* [SUPPLIED INFORMATION]:
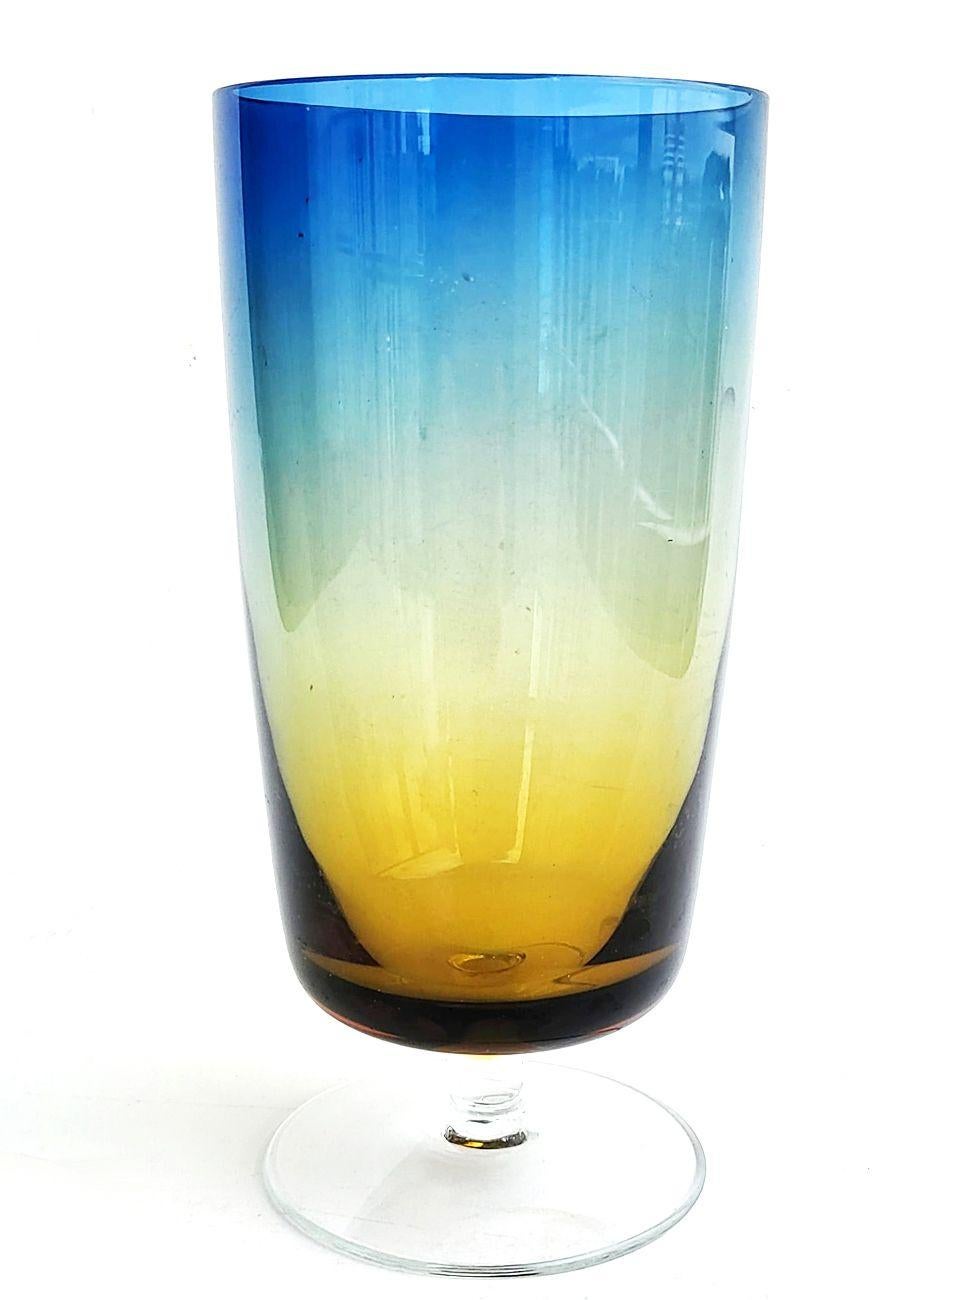 Grands gobelets à bal en bleurina de Denby Milnor Suède des années 1960, lot de 8

Nous présentons 8 grands verres à pied Denby Milnor Sweden 'Bluerina' du milieu du 20e siècle, fabriqués en Pologne par Krosno Glass Company et conçus par l'artiste
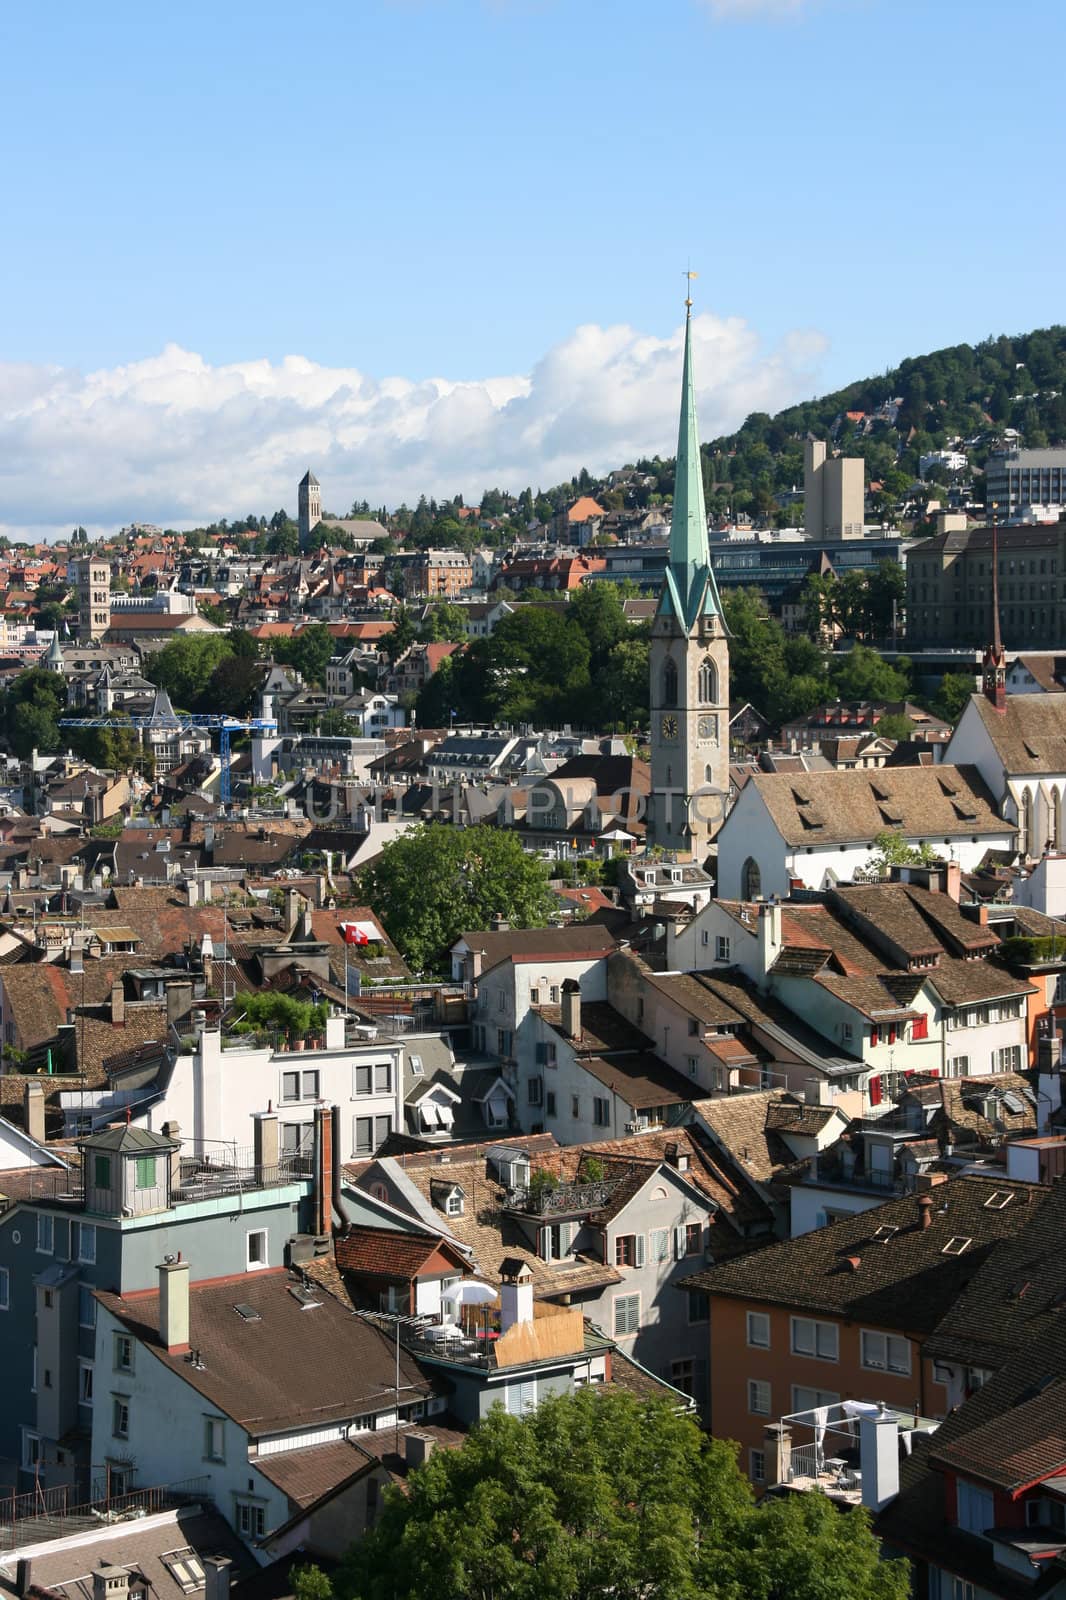 Cityscape of Zurich, Switzerland taken from Grossmuenster church. The distinctive tower is Predigerkirche (Preacher's Church).

* [INSTRUCTIONS TO FOLLOW]:
Leaving the pictures out, output the material exactly as it appears.

* [WRITTEN REPLY]:
 Grands gobelets à bal en bleurina de Denby Milnor Suède des années 1960, lot de 8

Nous présentons 8 grands verres à pied Denby Milnor Sweden 'Bluerina' du milieu du 20e siècle, fabriqués en Pologne par Krosno Glass Company et conçus par l'artiste
 Cityscape of Zurich, Switzerland taken from Grossmuenster church. The distinctive tower is Predigerkirche (Preacher's Church).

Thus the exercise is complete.